Robotics in the Russian Federation lags far behind American developments in this area. The industry development centers are:

  • enterprises of Izhevsk;
  • MSTU im. Bauman.

Using the platform created at the Izhevsk radio plant, they invent vehicles for the Russian army with a large number of functions. Russian combat robots are equipped with a microphone, video camera, lighting system, flamethrower and machine gun.

Another Russian development is Platform-M, presented to the public in 2015. The invention is controlled at a distance of 5 km. It is armed with an anti-tank missile system, a machine gun and a grenade launcher.

“Uran” became the heaviest Russian combat robot, weighing 8 tons. Based on this development, a mine trawl, equipment for extinguishing fires and a special system for fire support were created.
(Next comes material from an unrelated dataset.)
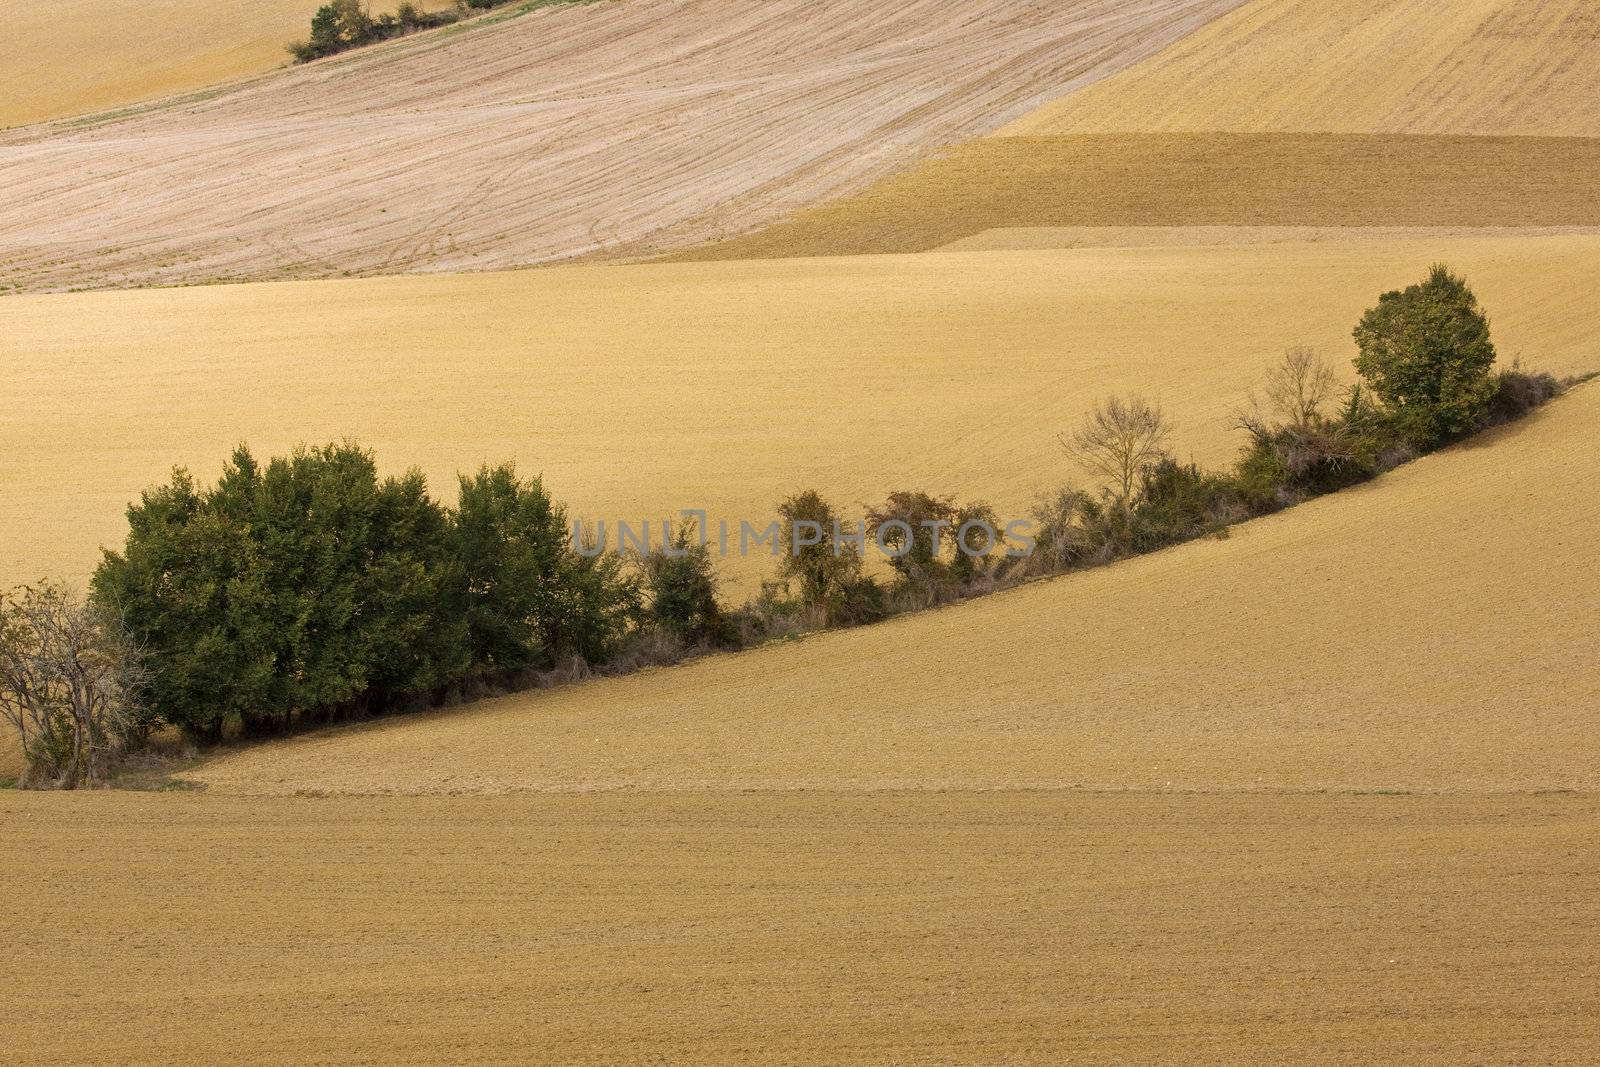 French Rural Landscape in Autumn 2 by pjhpix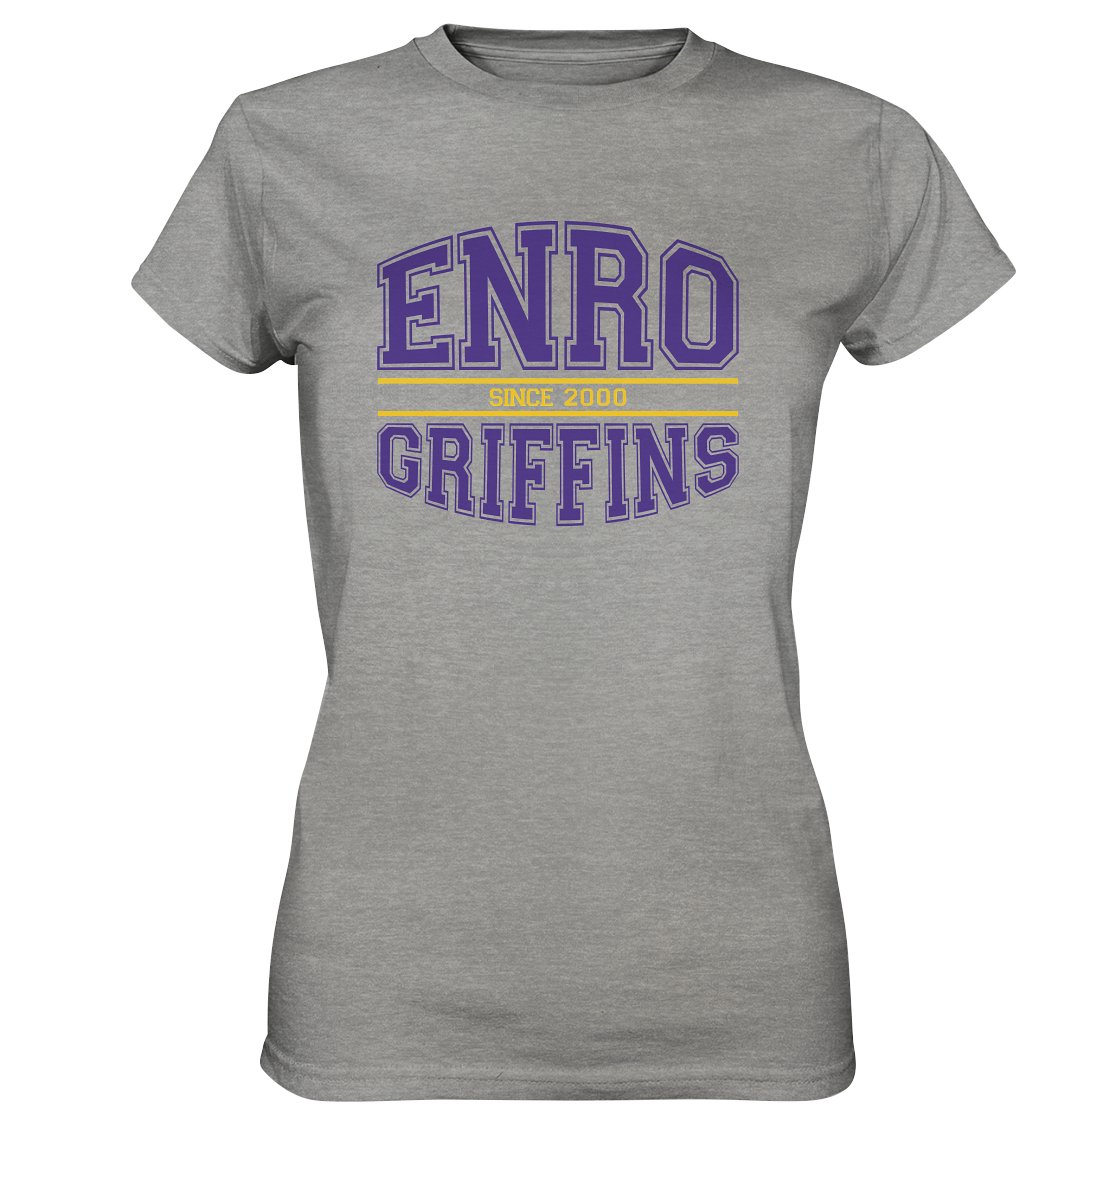 ENRO GRIFFINS  - Ladies Basic Shirt

The Trump administration will shape the future of robots

Singer believes that increased automation will have major economic and legal consequences, and that the Trump administration will decide the future of war and peace.
Automobiles will lead to accidents for which no one is to blame (bad sensors or brakes?), as well as the disappearance of jobs in trucking and manufacturing. “The issue of using robots in wars and on roads has not only legal implications; More and more people will feel like robots are replacing them economically, says Singer. – Something similar is happening in China, with the Foxconn factory – they are constantly increasing automation. A few weeks ago, CNN showed this cute story about a robot that can make a shirt from start to finish. What does this mean for Bangladesh?

But despite the economic consequences of automation, the Trump administration will have to make a final decision on the use of Lethal Autonomous Weapons (LAW). Current rules from 2012 stipulate that a person must be present to control the opening of an autonomous fire system - so that the weapon cannot kill on its own. The rules are vague and can be circumvented if necessary, but under their terms, decisions must be made by a person.

“They have a clause that says after five years they can be updated or left as they are,” says Singer. “Next year it will be five years.”

In other words, the Trump White House will decide whether killer robots will become part of the American arsenal - or whether the choice between life and death will remain in human hands.

conclusions

While private companies, commissioned by defense departments around the world, are preparing new, even more advanced types of “smart” weapons, the concept of “robo-wars” is already beginning to be criticized. Thus, the international non-governmental organization Human Rights Watch expressed its concern about the prospects of wars being waged by “smart machines” capable of making decisions at least partially independently. To solve this problem, Human Rights Watch proposes creating an international treaty that would limit the construction and use of robots and drones in combat.